> [Action item]: Below are entries with pictures in them. Output exactly the lines starting at the line with "Buy YOZLY Women's" and ending at the line with "Apparatus, system, and", both included, but not the pictures.

> [Material to process]:
=-=-=

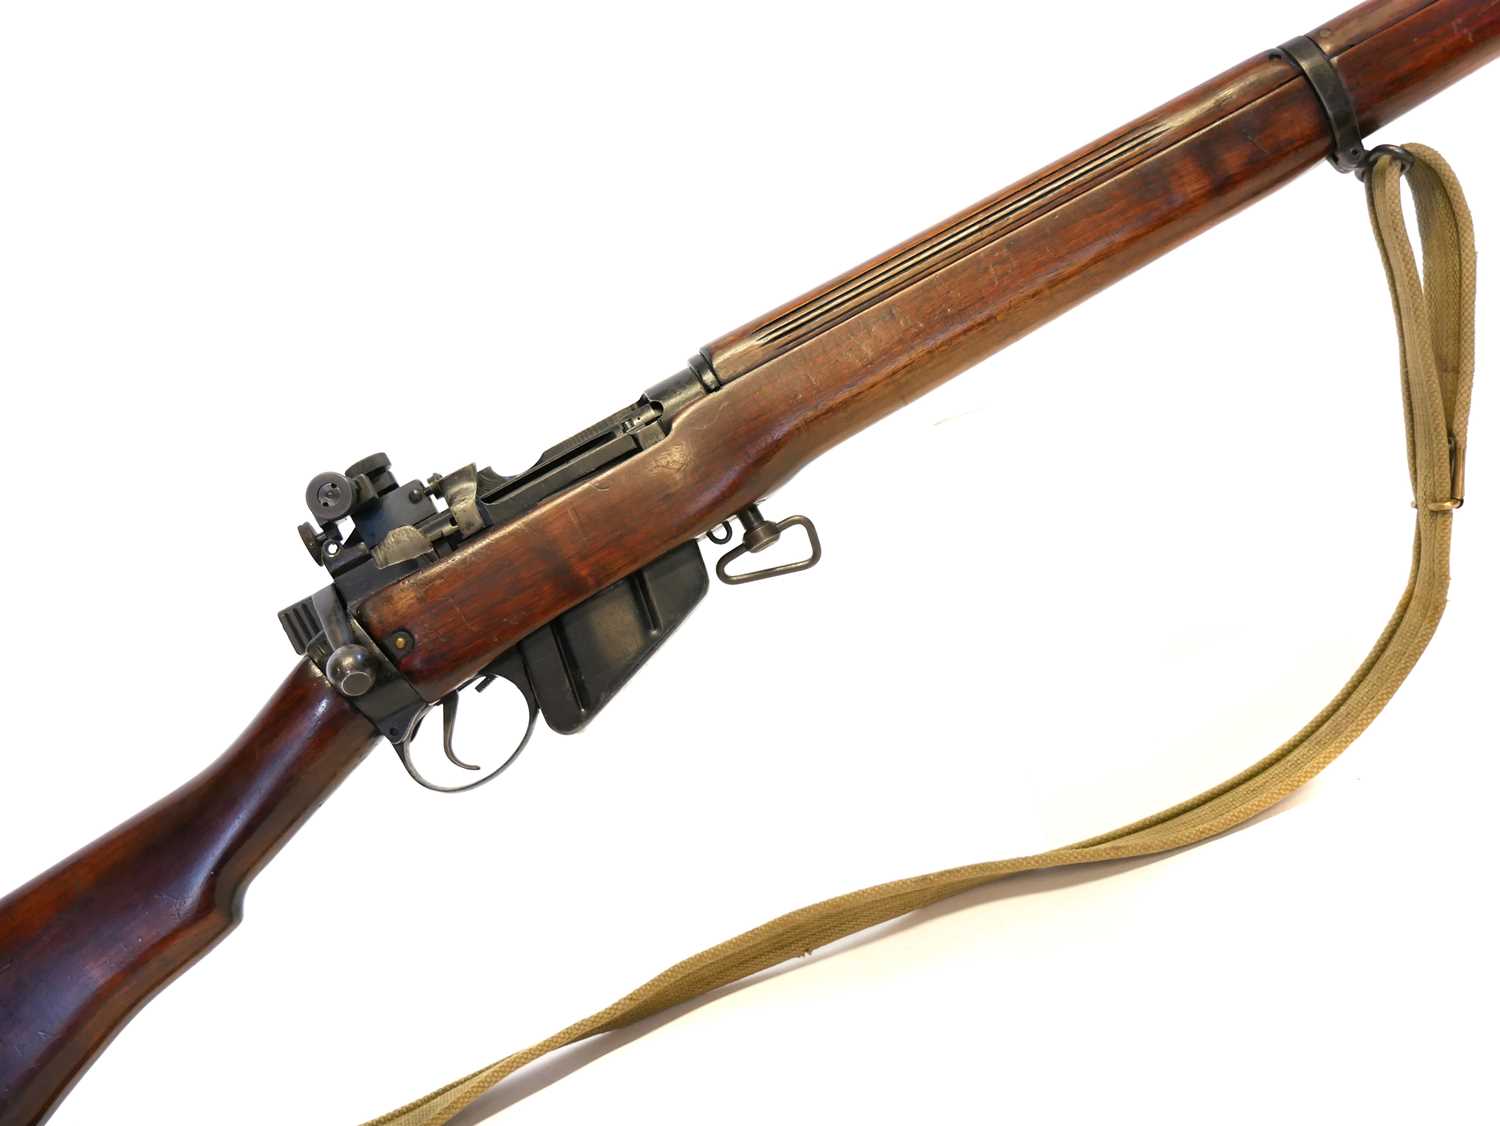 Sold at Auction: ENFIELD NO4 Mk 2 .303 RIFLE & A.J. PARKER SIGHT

=-=-=

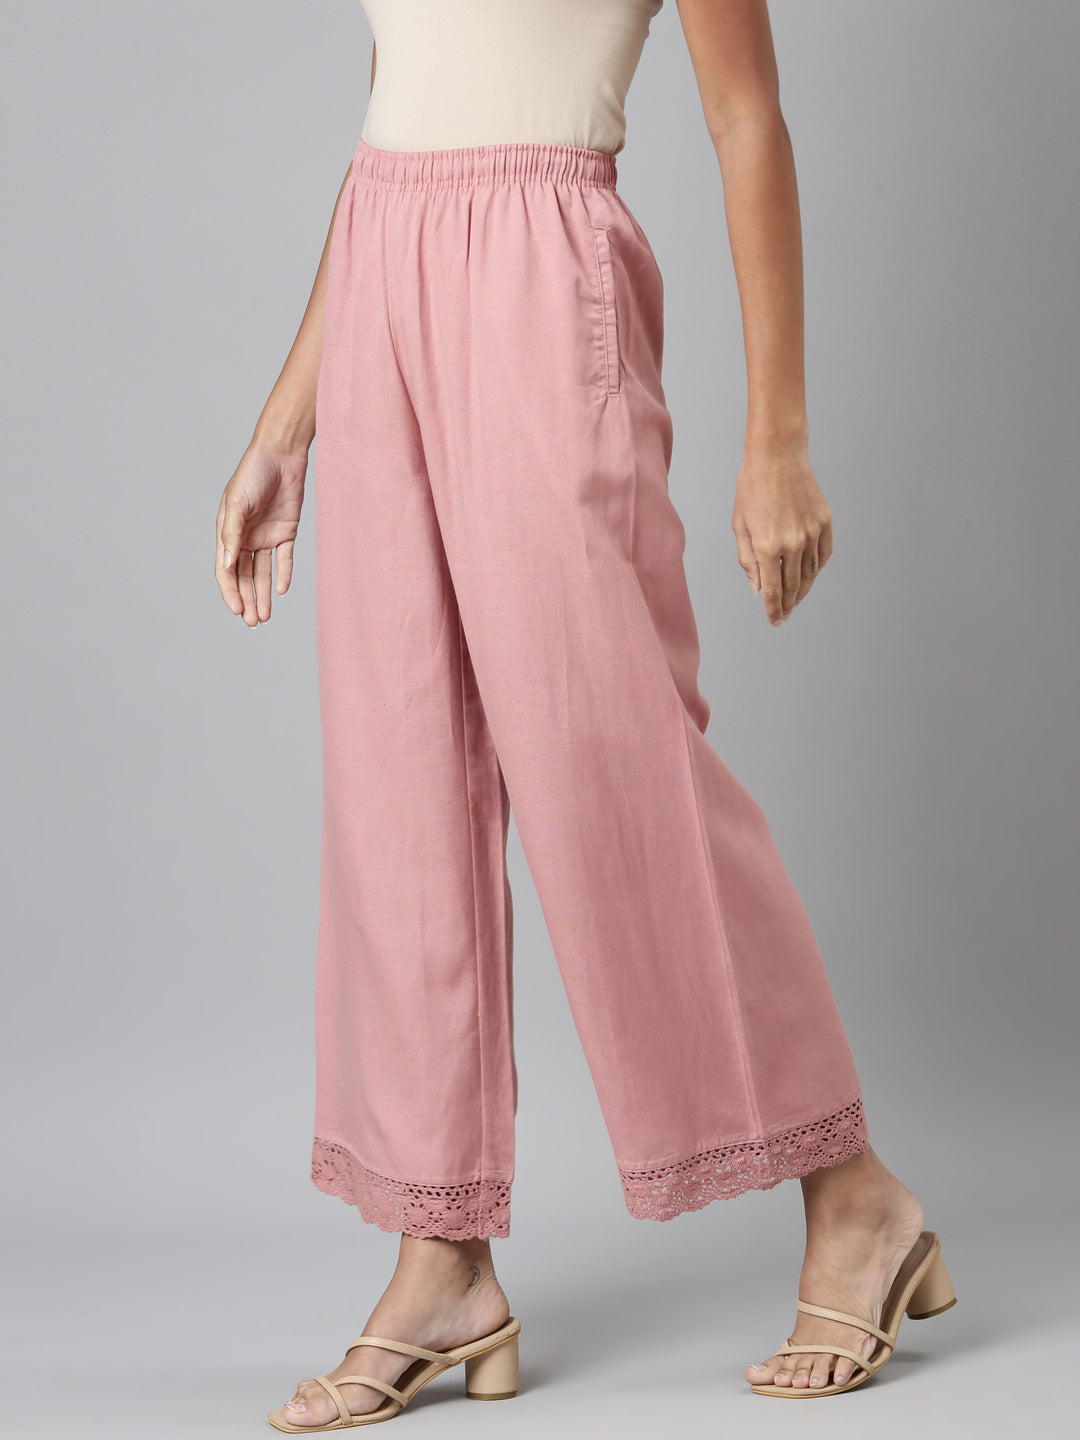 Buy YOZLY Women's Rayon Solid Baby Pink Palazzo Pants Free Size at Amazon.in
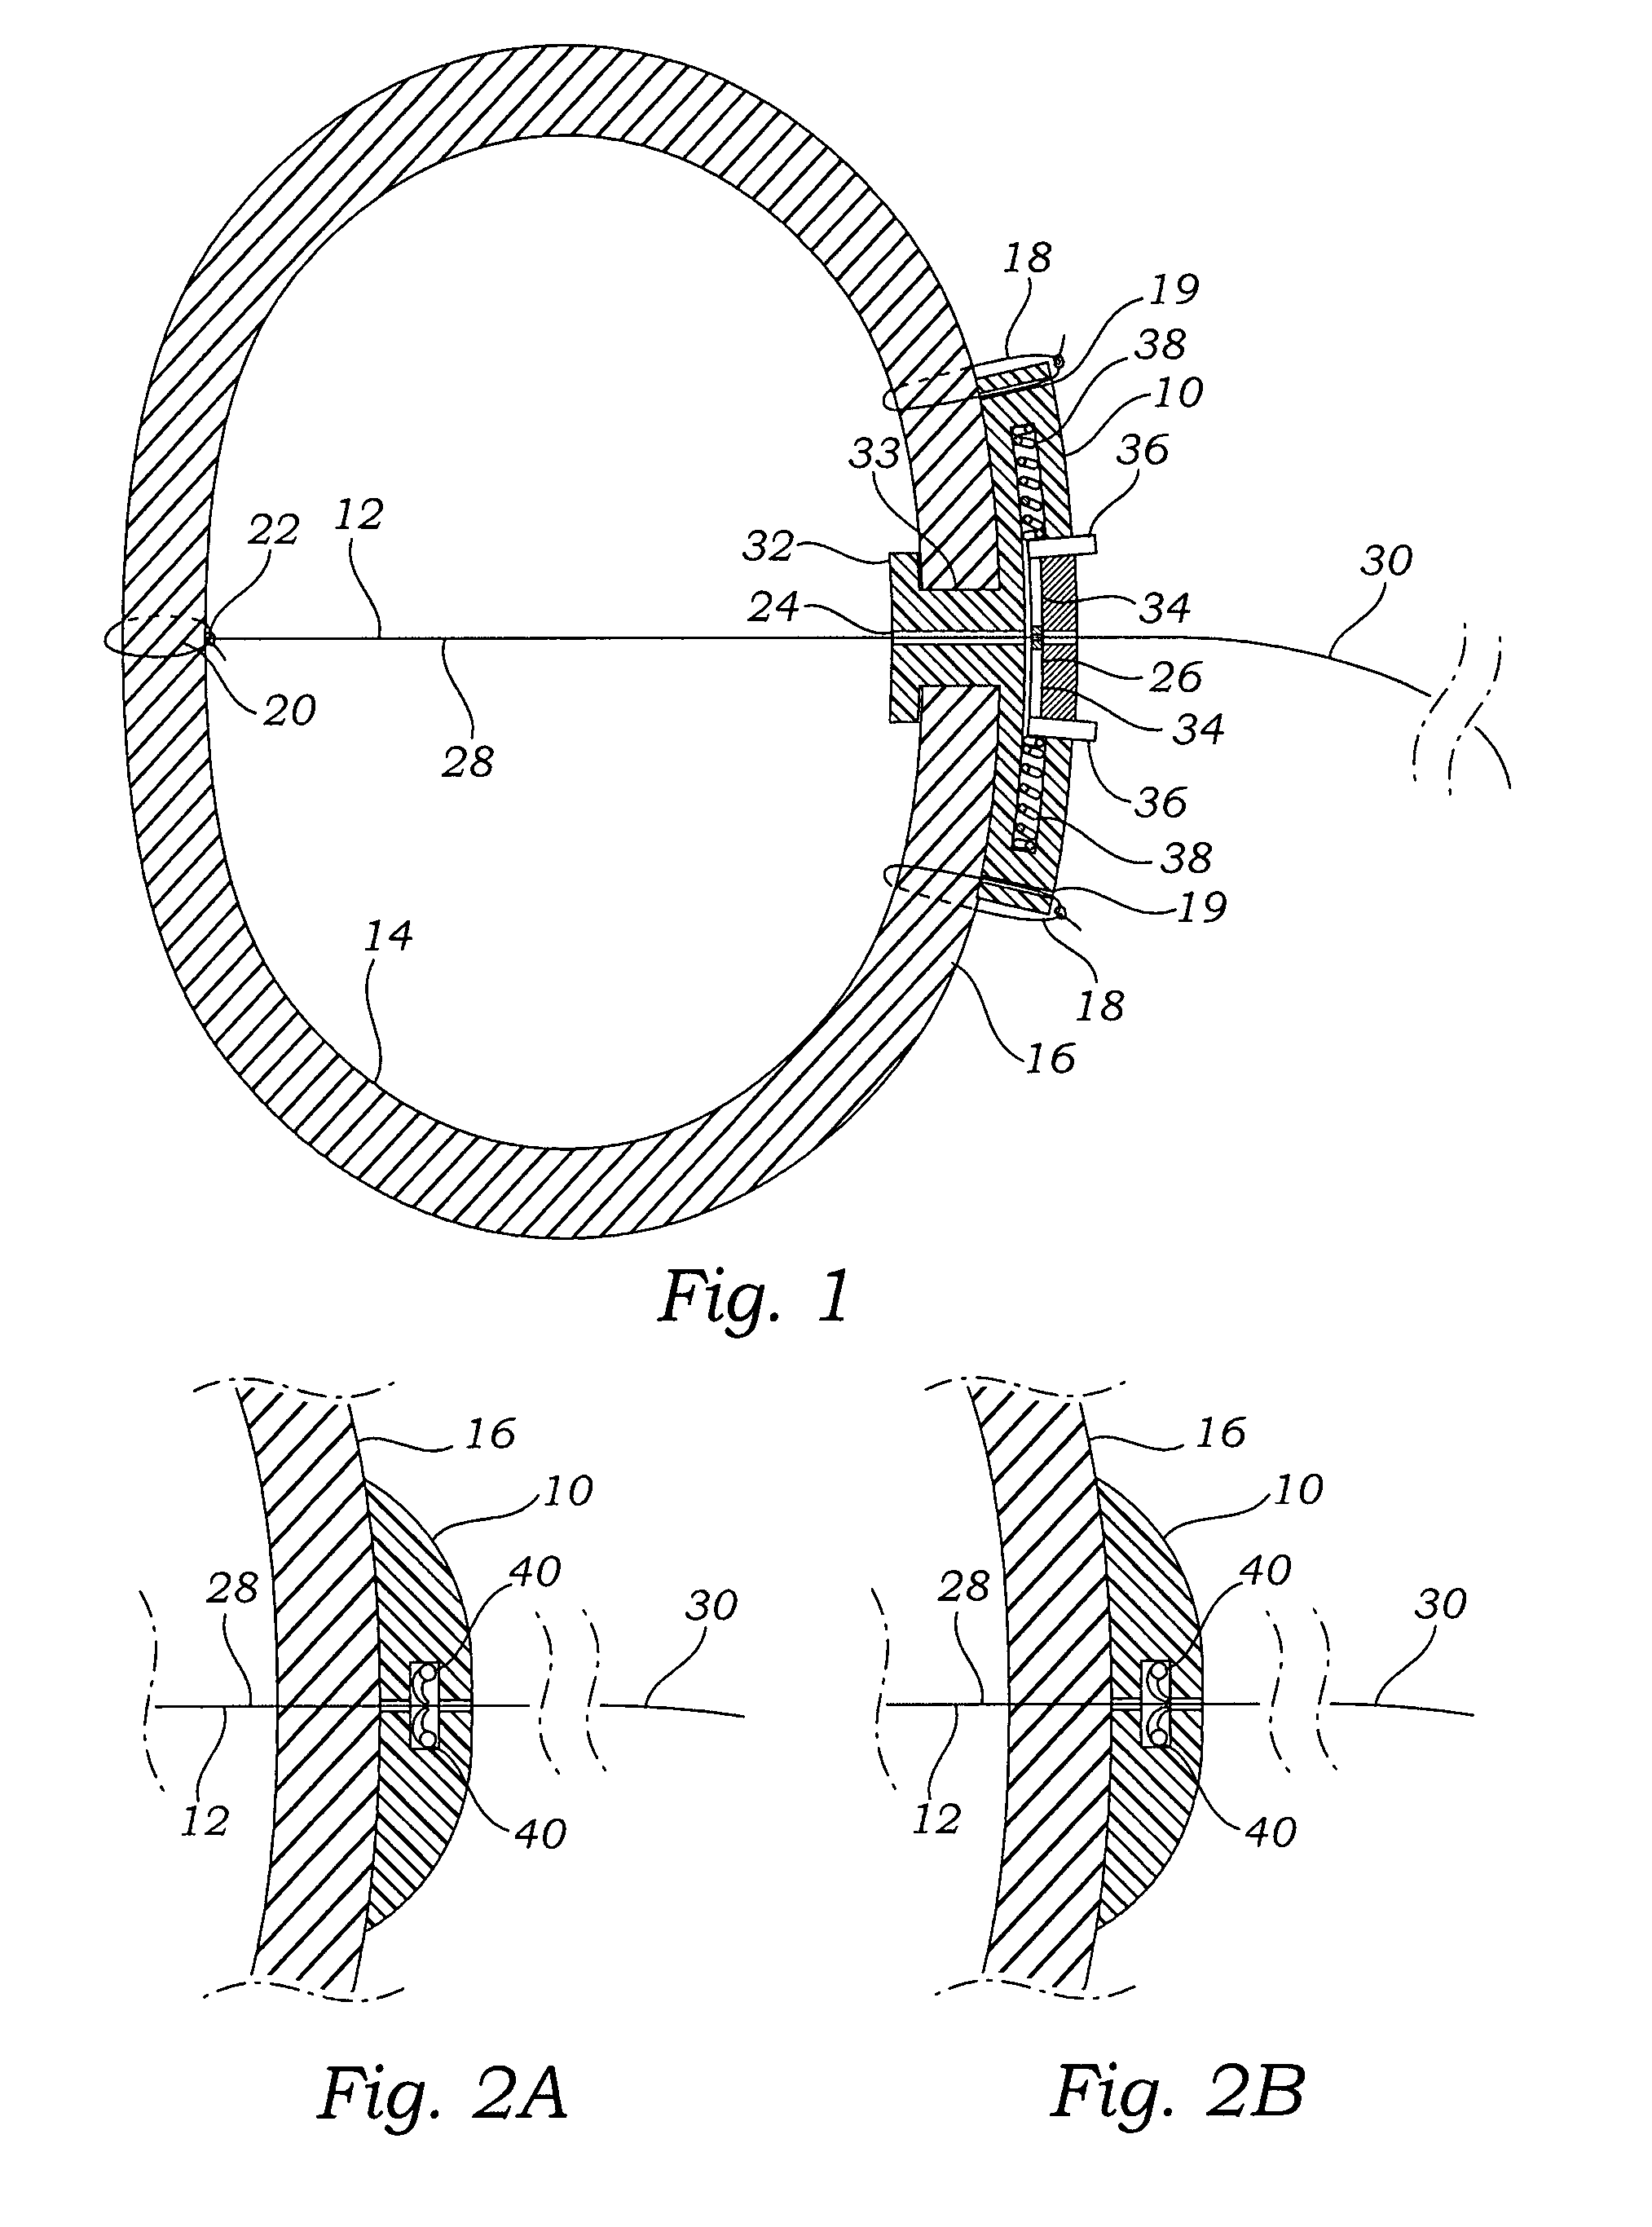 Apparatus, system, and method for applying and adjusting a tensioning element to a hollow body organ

=-=-=

> [Answer to this problem]:
 Buy YOZLY Women's Rayon Solid Baby Pink Palazzo Pants Free Size at Amazon.in
 Apparatus, system, and method for applying and adjusting a tensioning element to a hollow body organ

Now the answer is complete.